◆ **Exercise objective**:
Your task is to write out every line of the data exactly. Drop the pictures.

◆ **Dataset extract**:
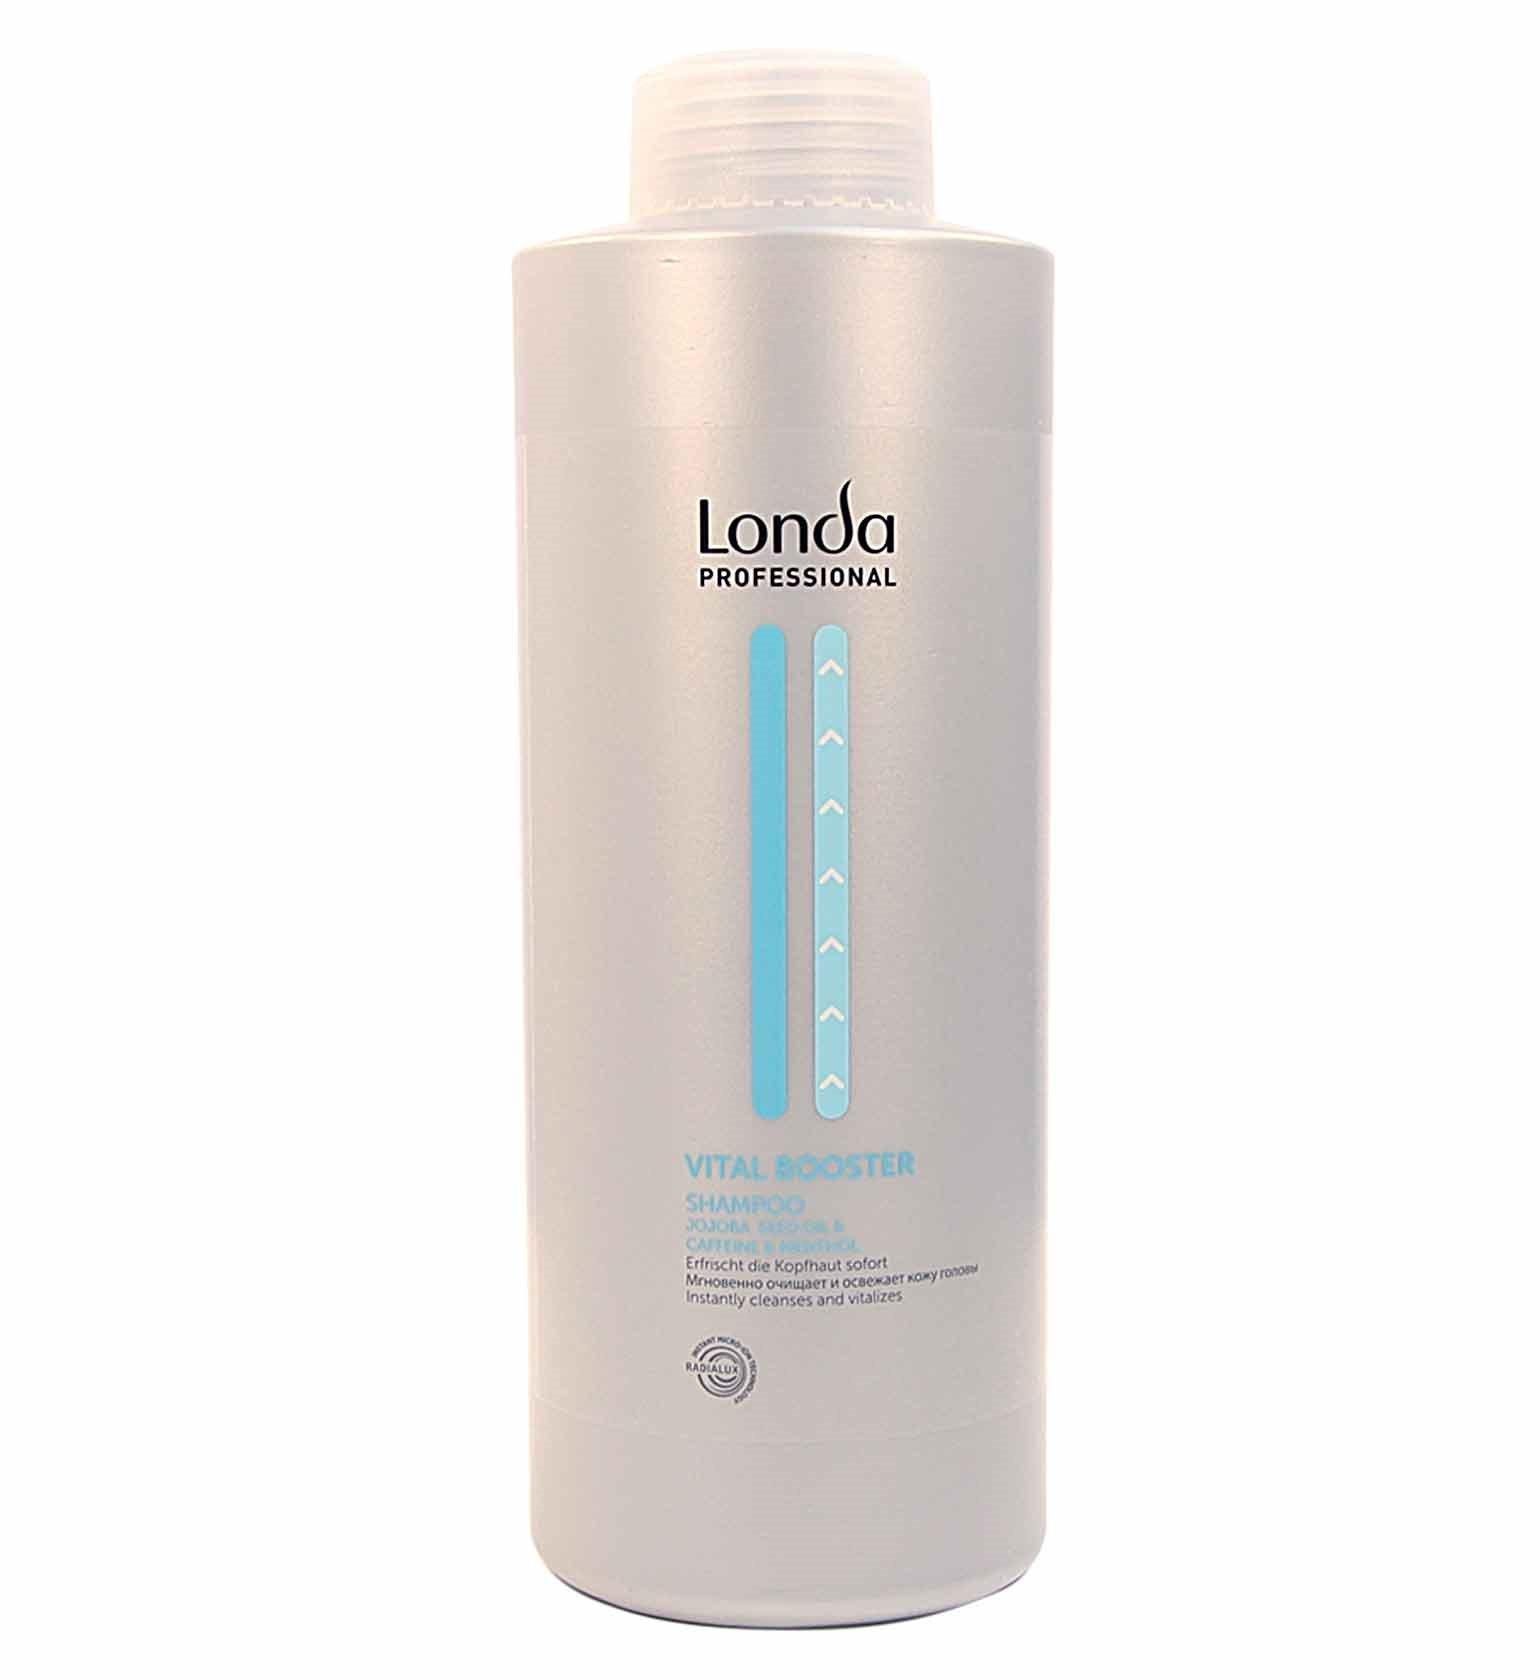 Укрепляющий шампунь против выпадения волос Londa | Vital Booster Shampoo Londa, 1л
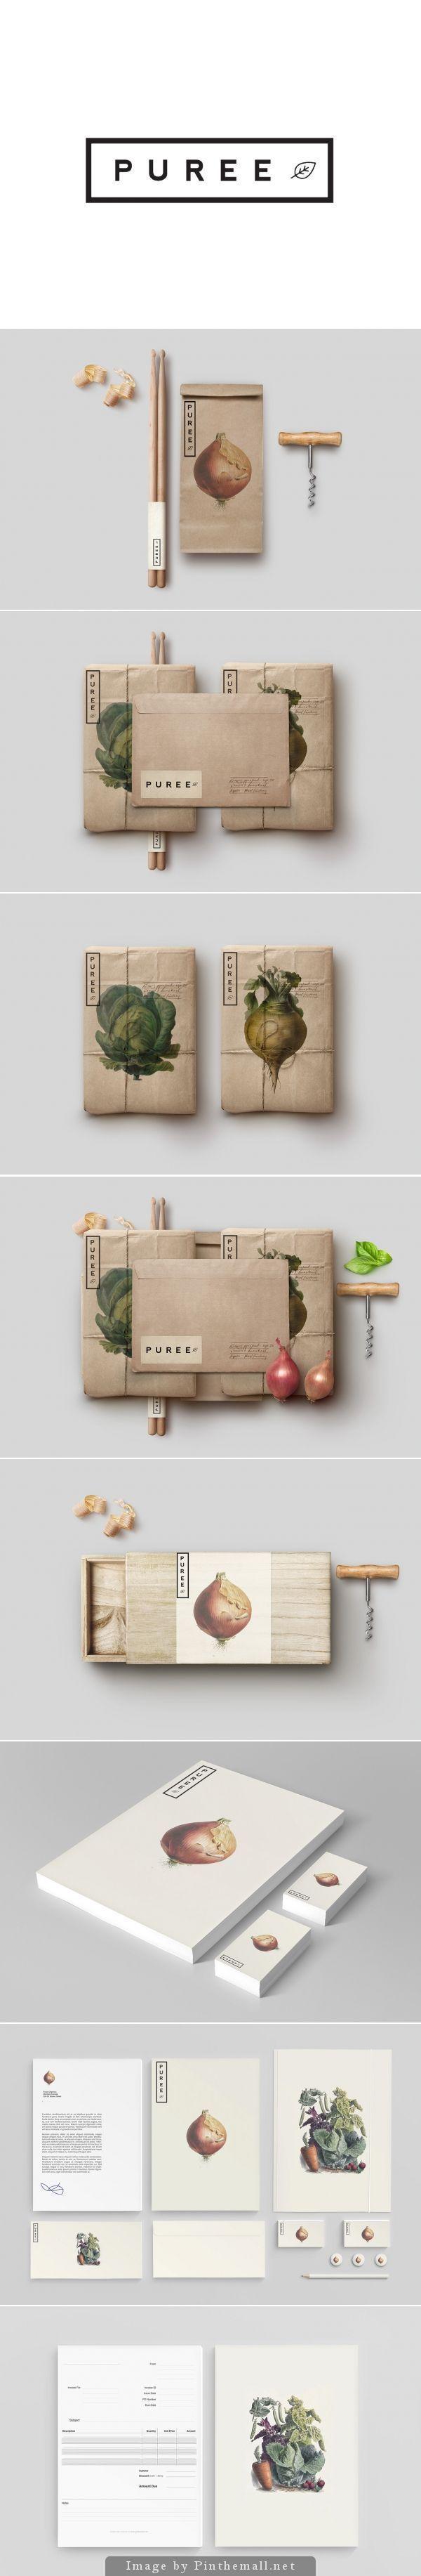 Inspiration graphique #5 : 25 packagings originaux et innovants à découvrir | BlogDuWebdesign
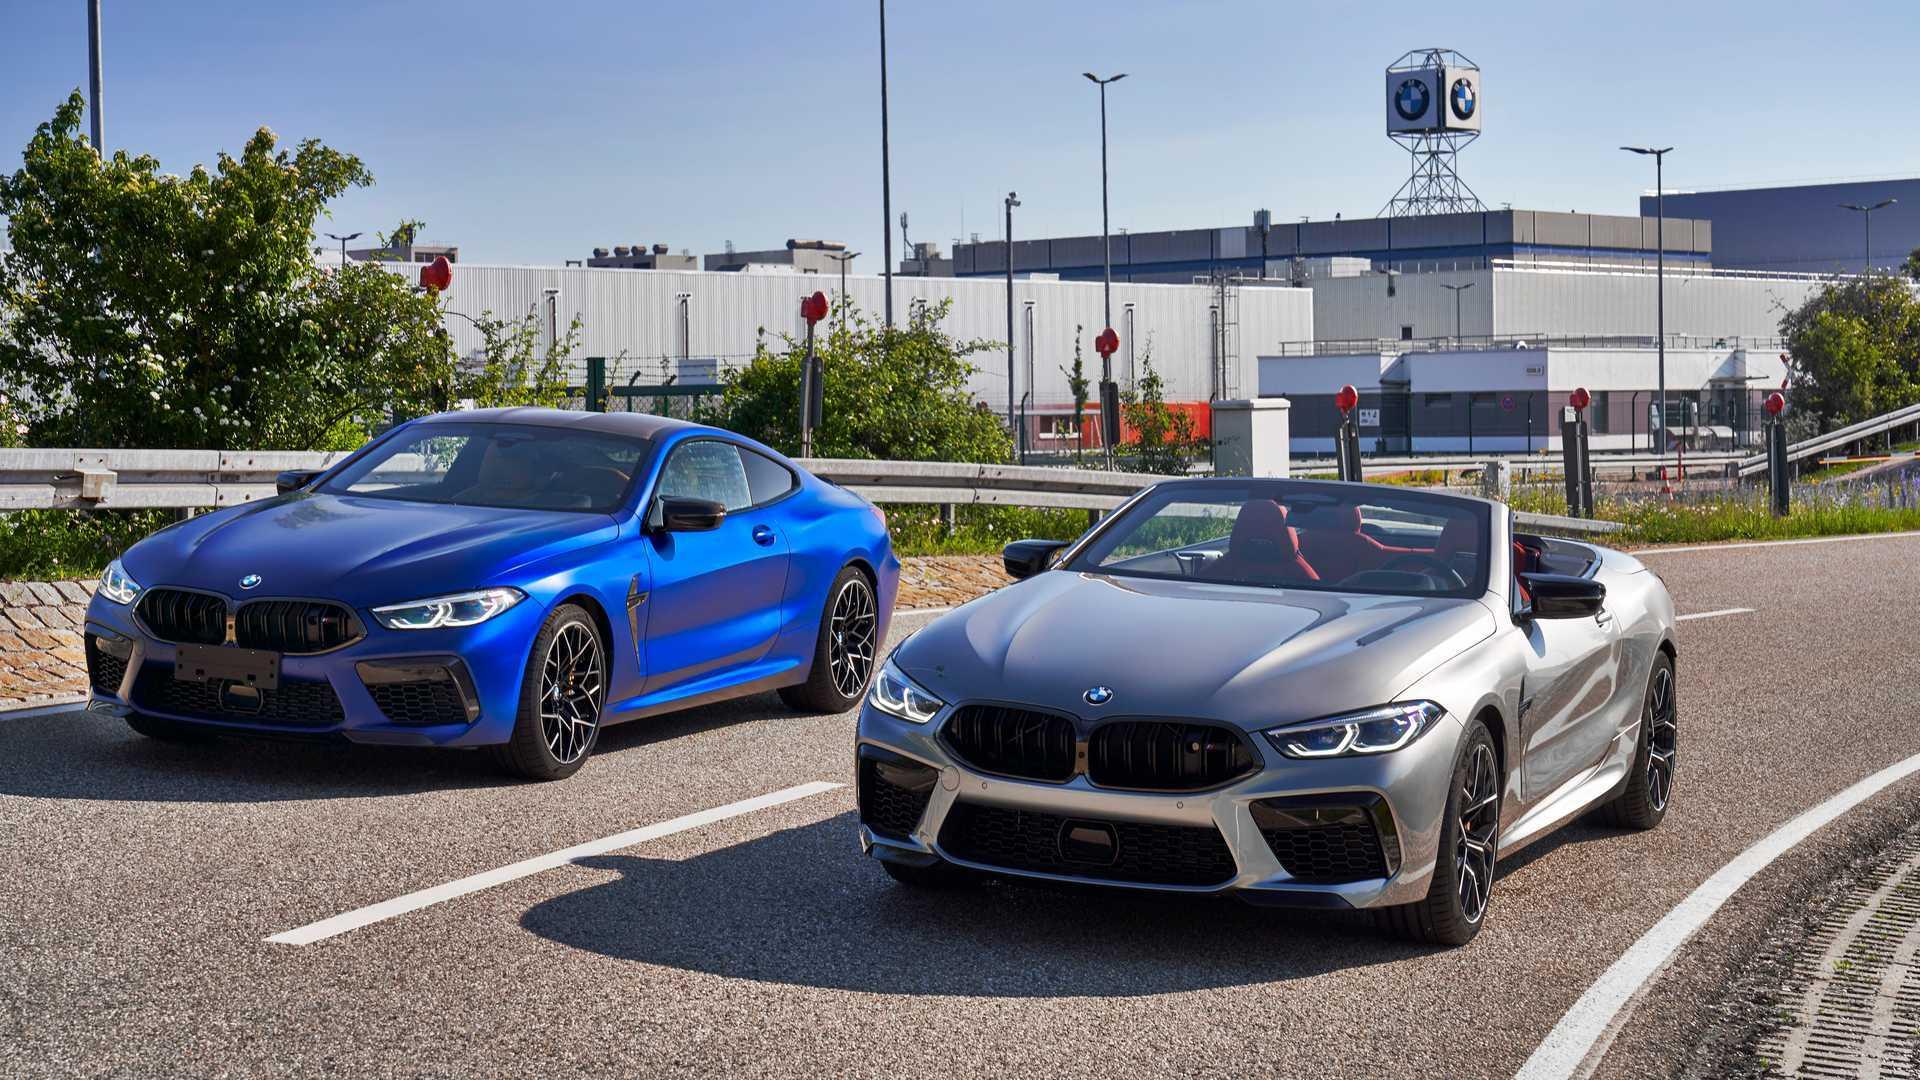 4.4T 617马力性能堪比超跑,售价200多万,宝马M8迅雷版加速超奔驰AMG S63

◆ **Answer below**:
 Укрепляющий шампунь против выпадения волос Londa | Vital Booster Shampoo Londa, 1л
 Inspiration graphique #5 : 25 packagings originaux et innovants à découvrir | BlogDuWebdesign
 4.4T 617马力性能堪比超跑,售价200多万,宝马M8迅雷版加速超奔驰AMG S63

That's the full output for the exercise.